The z-scan technique is based on measurement of transmittance as a thin sample moves along the propagation path (z-axis) of a focused laser beam. The thickness of the sample should be much smaller than the confocal parameter of the beam. Two measurement methods are commonly used, namely open-aperture and closed-aperture z-scan. In the open-aperture setup, the transmitted light is completely collected by a large-area power detector. If there is no nonlinearity, the transmittance will be constant no matter where the sample is. However, when there is nonlinear absorption, the transmittance changes as the sample is in the vicinity of the focus, where the intensity is highest along the beam path. Therefore, the open-aperture setup is sensitive to nonlinear absorption and measures the imaginary part of the nonlinear refractive index. In the closed-aperture setup, the transmittance is measured through a small aperture in front of the power detector, so the detected signal is sensitive to beam divergence/convergence, which is determined by the real part of the nonlinear refractive index in the thin sample. When there is no nonlinearity, the transmittance is again constant no matter where the thin sample is. When nonlinear refractive index exists, the sample acts like a z-dependent lens that modifies the transmission beam shape. In the closed-aperture method, the power dependency in z-direction quantifies the real part of the nonlinear refractive index .
In brief, in case of linear responses, the z-scan output will be a horizontal line, i.e., constant versus z; while for nonlinear responses, the z-scan result deviates from a horizontal line, providing a high-sensitivity detection scheme for nonlinearity.

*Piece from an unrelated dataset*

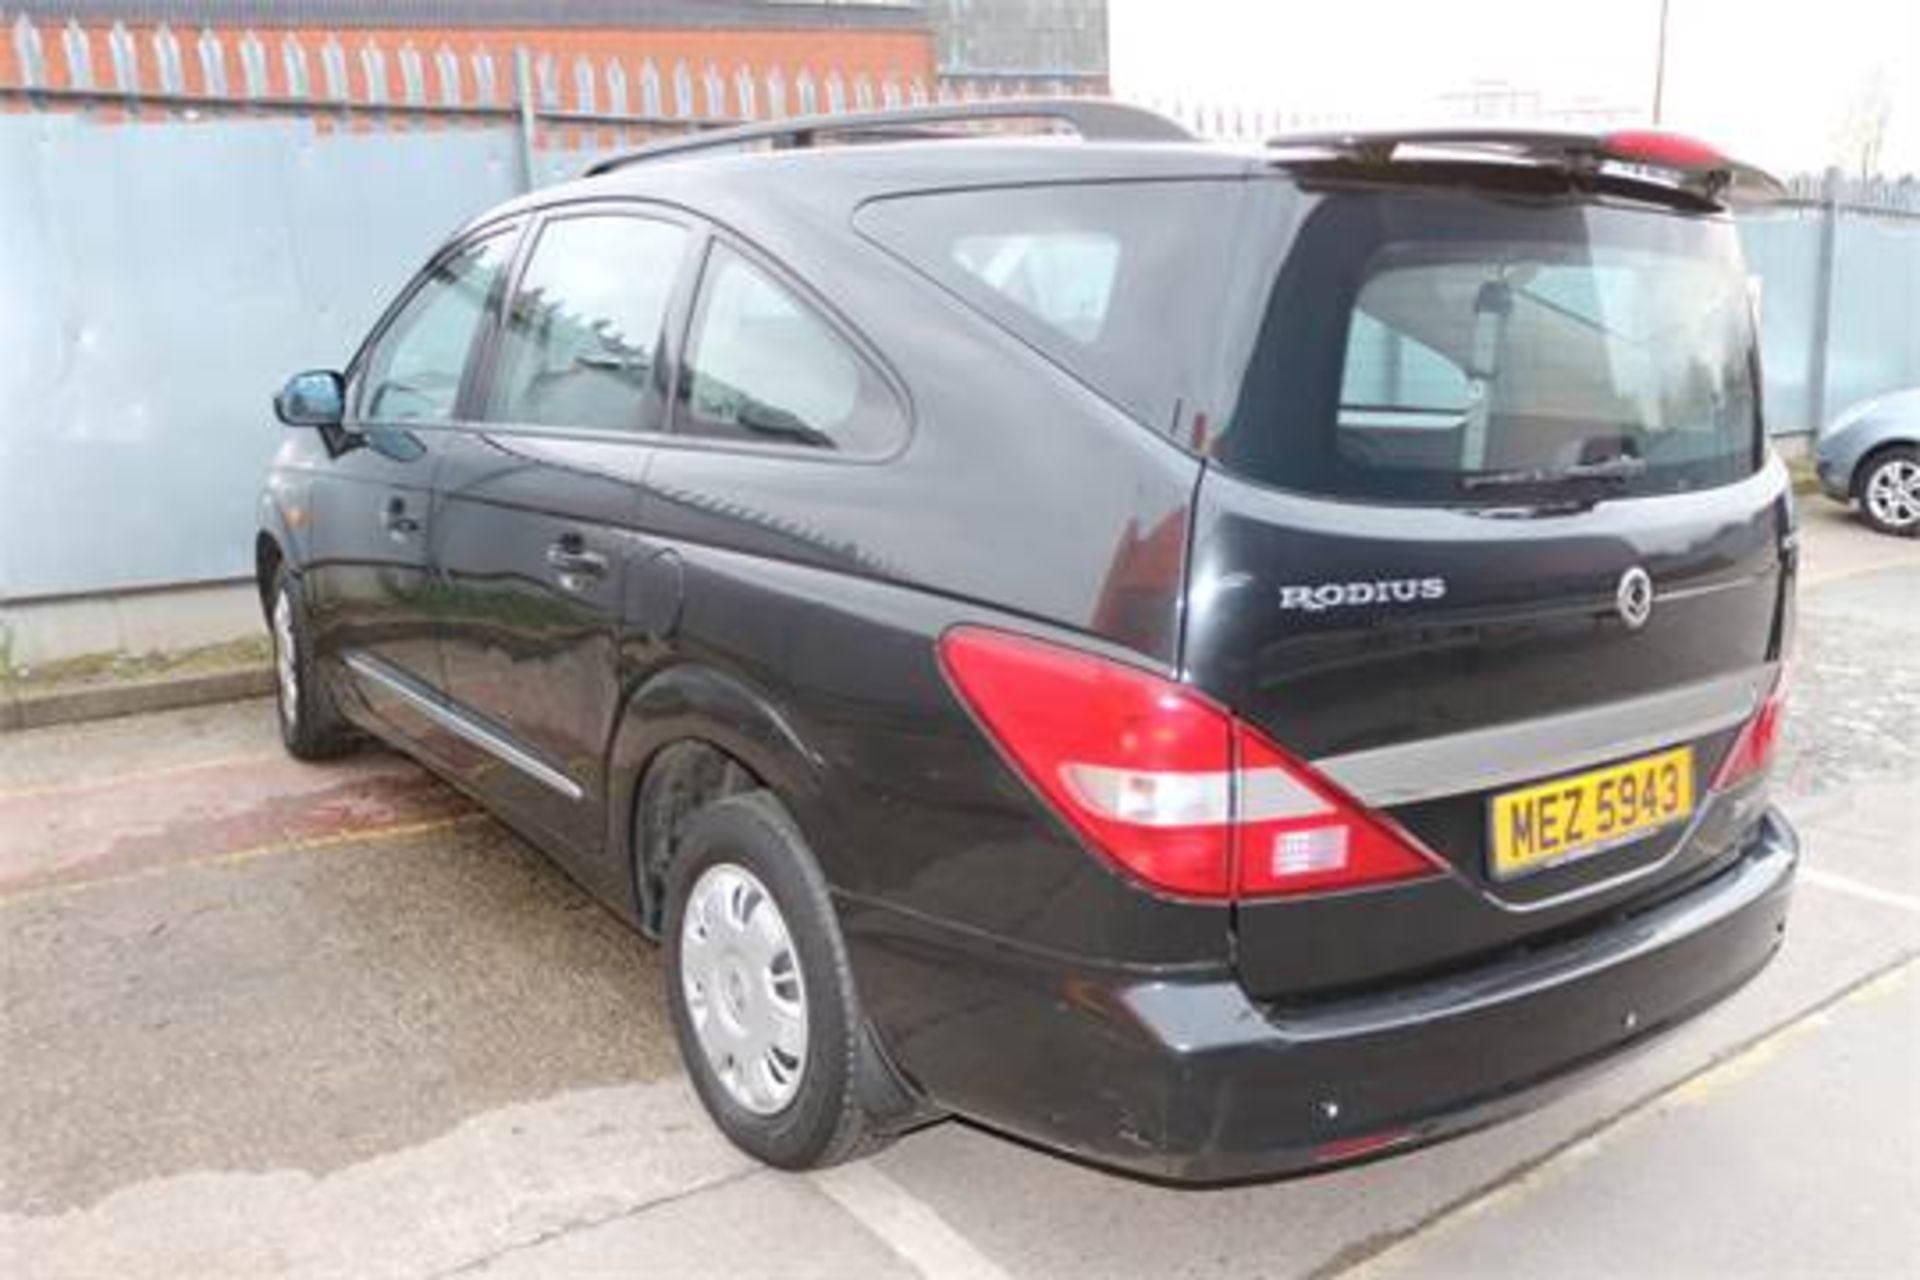 SSANGYONG, RODIUS 270, MEZ 5943, 2-7 LTR, DIESEL, MANUAL, APRIL 2007, 5 DOOR MPV, CURRENT RECORDED - Image 5 of 11

However, z-scan measurements typically acquire nonlinear responses from thin samples in which multiple nanostructures are illuminated simultaneously, and collective behavior is monitored. The z-scan technique has extensively been applied to study the nonlinear absorption of thin plasmonic films , but not that of a single plasmonic nanostructure.
In this study, we propose a different method named x-scan to characterize the optical nonlinearity of a single nanostructure. The method is based on laser scanning microscopy, where an excitation beam spot moves in the lateral x-direction across a single nanostructure. Similar to the requirements of z-scan, but converted into the x-direction, the diameter of the nanostructure should be much smaller than the point spread function (PSF) of the laser focus. At low excitation intensities, when there is no nonlinear response, a Gaussian profile of the scanned image due to convolution of the laser PSF and the nanostructure is expected. However, when nonlinearity arises in the nanostructure at higher excitation intensities, the image profile is expected to deviate from the Gaussian profile, thus providing a high-sensitivity detection method for nonlinearity, similar to the z-scan technique.

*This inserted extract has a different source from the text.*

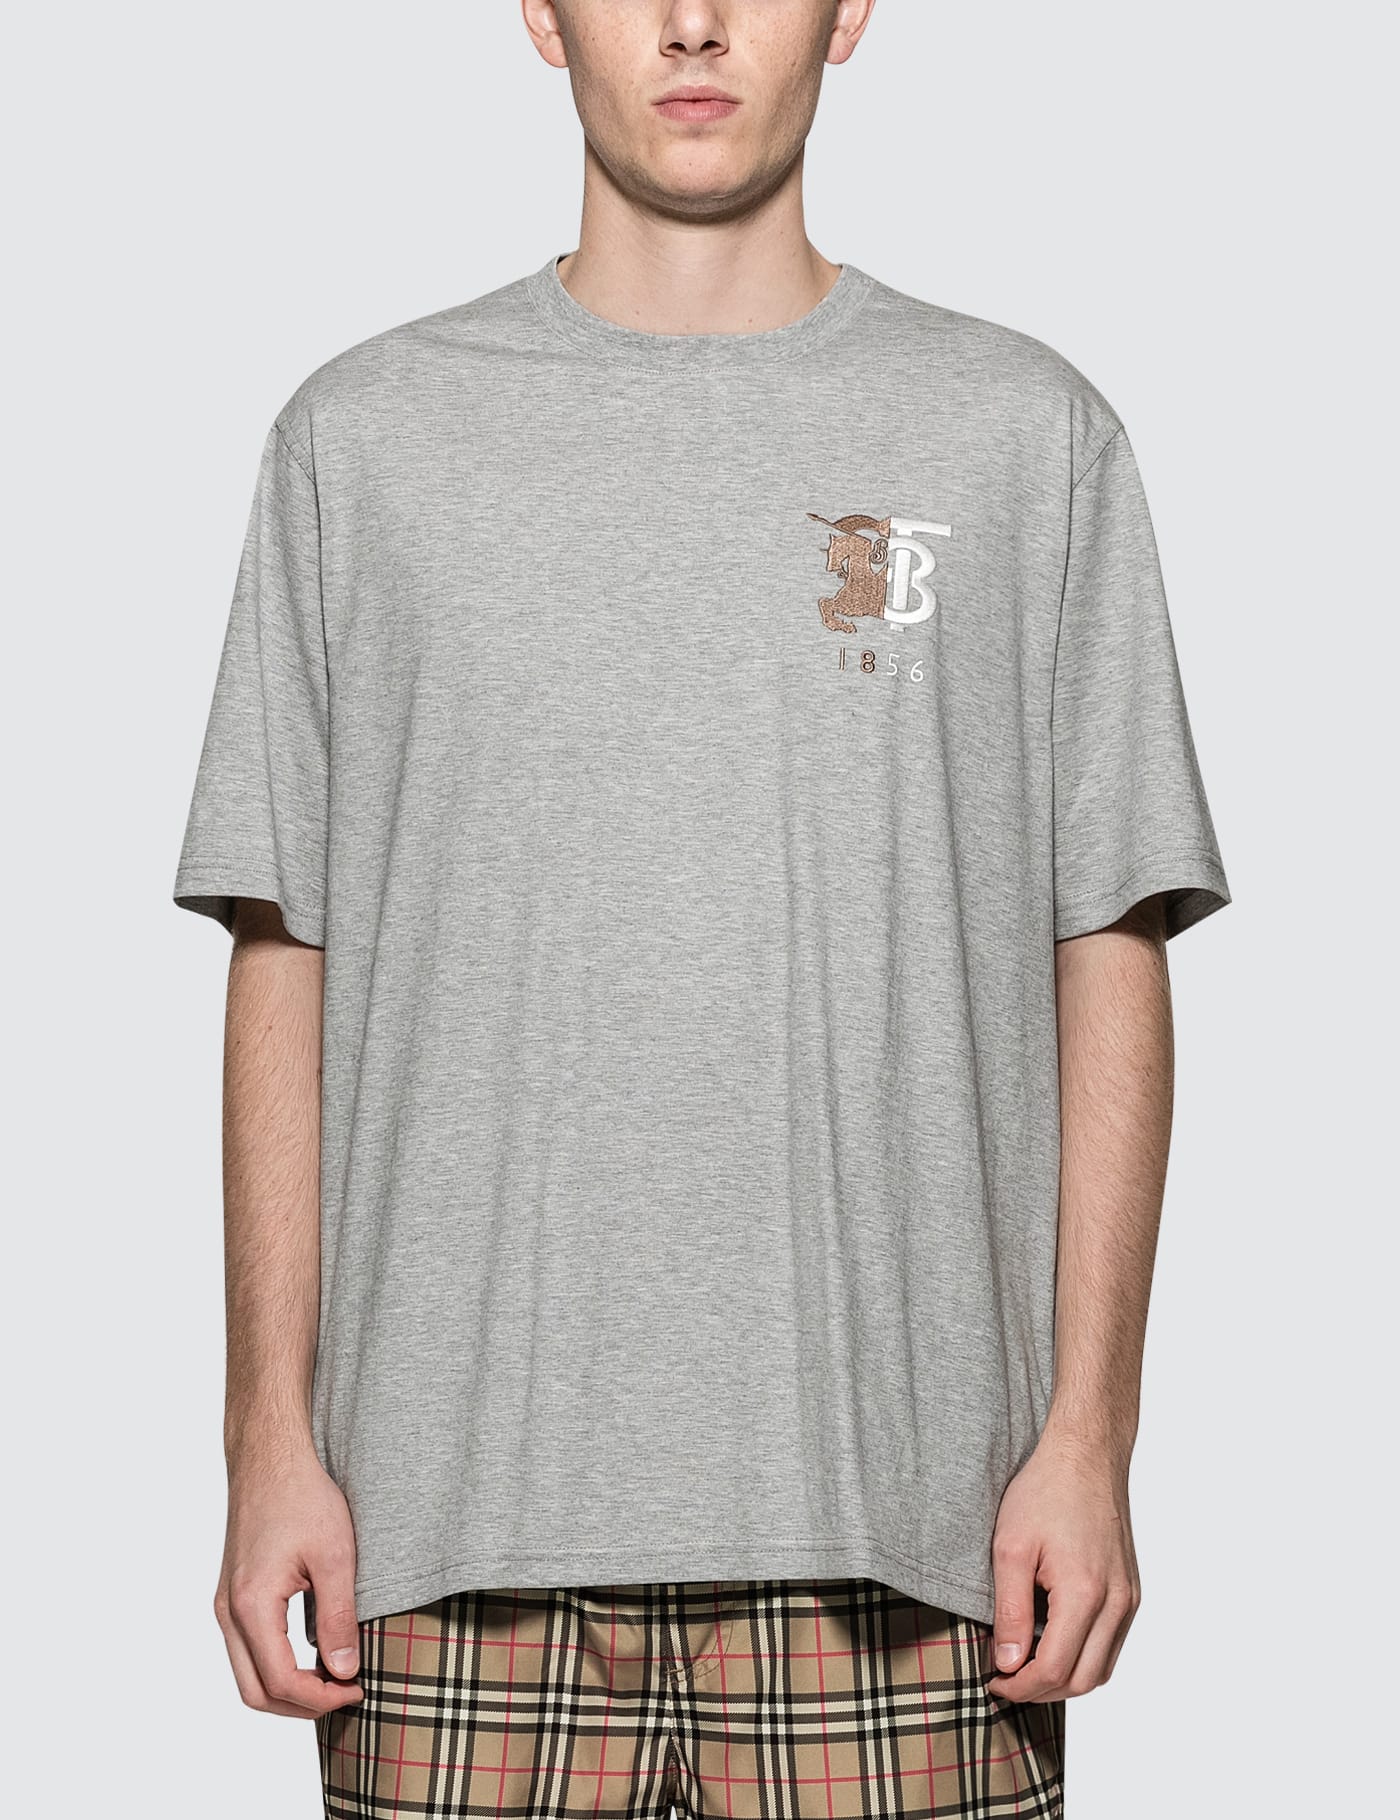 Burberry - 1856 Logo T-Shirt | HBX - Globally Curated Fashion and

In order to fully characterize the nonlinearity of a single nanostructure, our x-scan setup is equipped with two optical detection paths in forward and backward direction, where the former determines the attenuation signal and the latter measures the backscattering signal. Similar to open- and closed-aperture z-scan, our x-scan technique simultaneously quantifies absorption and scattering, relating to the imaginary and real parts of the refractive index. Applying the novel two-path x-scan method to a single gold nanostructure, we have unraveled unprecedented large nonlinearities of both scattering and absorption.
The idea for characterizing the nonlinear absorption and scattering of a single plasmonic nanostructure using a standard laser scanning microscope is schematically shown in Figure 1a. An inverted microscope is employed with the excitation laser beam in upward direction focused on a single plasmonic nanostructure using an objective with numerical aperture (NA) equal to 1.4. The backscattered light is collected by the same high-NA objective, while the transmitted light is collected by a condenser with an NA of 0.9. Usage of objectives with large NA in both paths ensures efficient collection of the signal of dipole scattering, which is the dominant scattering mode of a small nanostructure , in the microscope system. The laser excitation beam is raster scanned in the lateral x- and y-directions using a pair of galvanometer mirrors, allowing for the observation of the PSF in both the forward and backward detection paths .

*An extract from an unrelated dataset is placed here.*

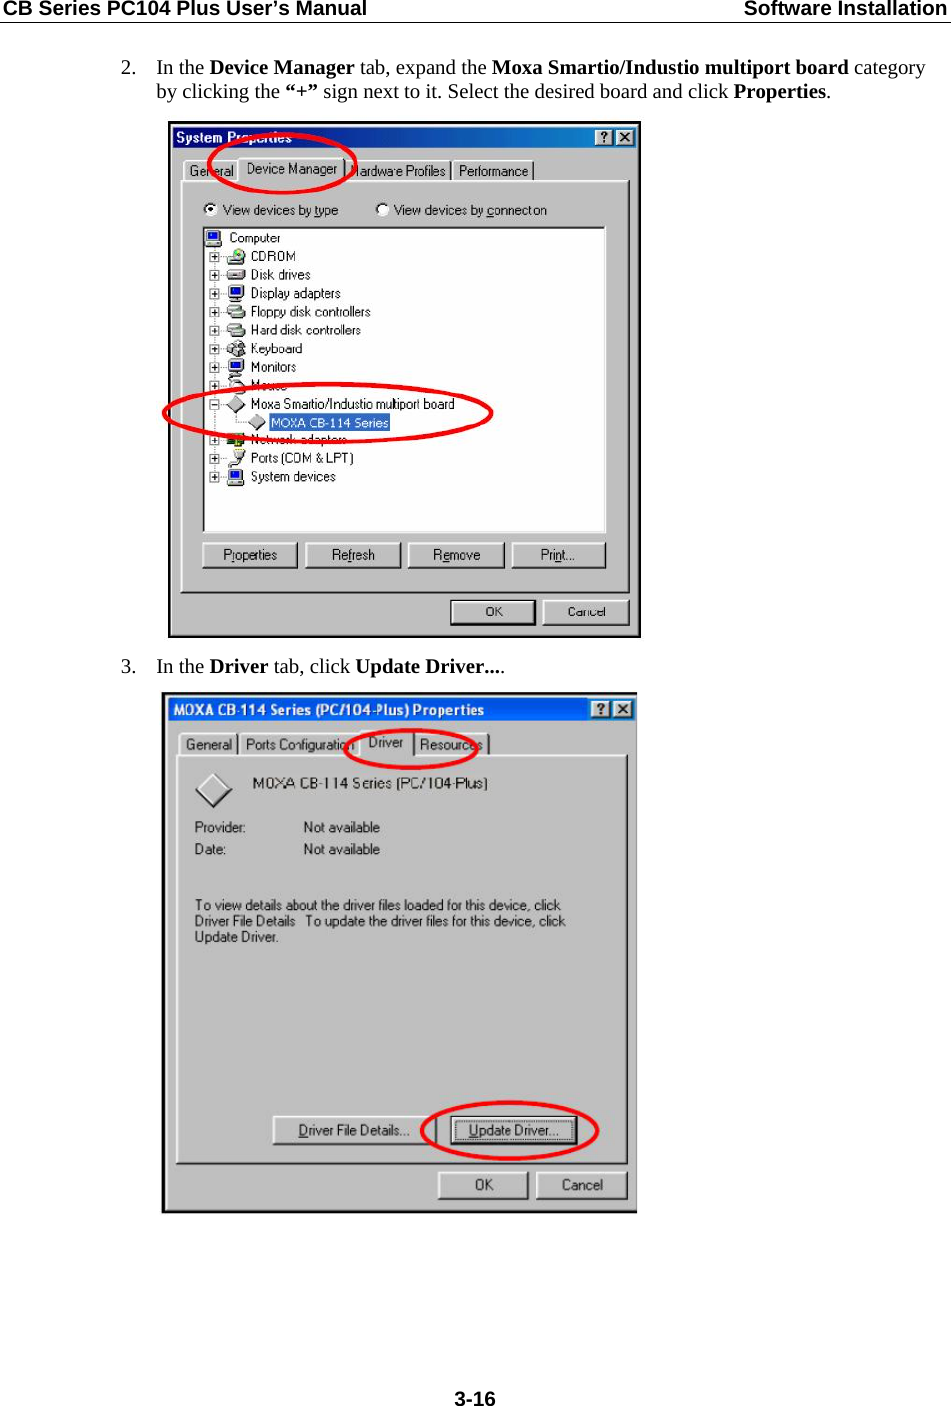 CB Series PC104 Plus User’s Manual  Software Installation 2. In the Device Manager tab, expand the Moxa Smartio/Industio multiport board category by clicking the “+” sign next to it. Select the desired board and click Properties.  3. In the Driver tab, click Update Driver....   3-16

Figure 1b is a representative linear transmission profile of a single plasmonic nanostructure. The laser-scanning PSF is given as an inset in Figure 1b, having a bright background and a dark spot in the center where the nanostructure is located. The transmitted background represents the total excitation intensity (To), which is equal to the sum of the nanoparticle-induced attenuation (ANP) and the transmission through the nanoparticle (TNP), i.e., To = ANP + TNP. Note that forward scattering is included in the transmission signal TNP. Thus, the attenuation signal ANP only contains absorption and backscattering. The dark spot in the image, i.e., the Gaussian dip in the x-scan signal profile, quantifies the magnitude of attenuation.
Figure 1c is a representative profile of linear backscattering from a single plasmonic nanostructure at low excitation intensity, and the inset gives the laser-scanning PSF. A Gaussian peak is typically observed, and the peak height quantifies the intensity of the backscattering signal (R). Importantly, a confocal aperture in the backward detection path provides the capability of optical sectioning, and the nanostructure is typically immersed in oil to remove strong reflection signal from the glass slides (see Experimental section).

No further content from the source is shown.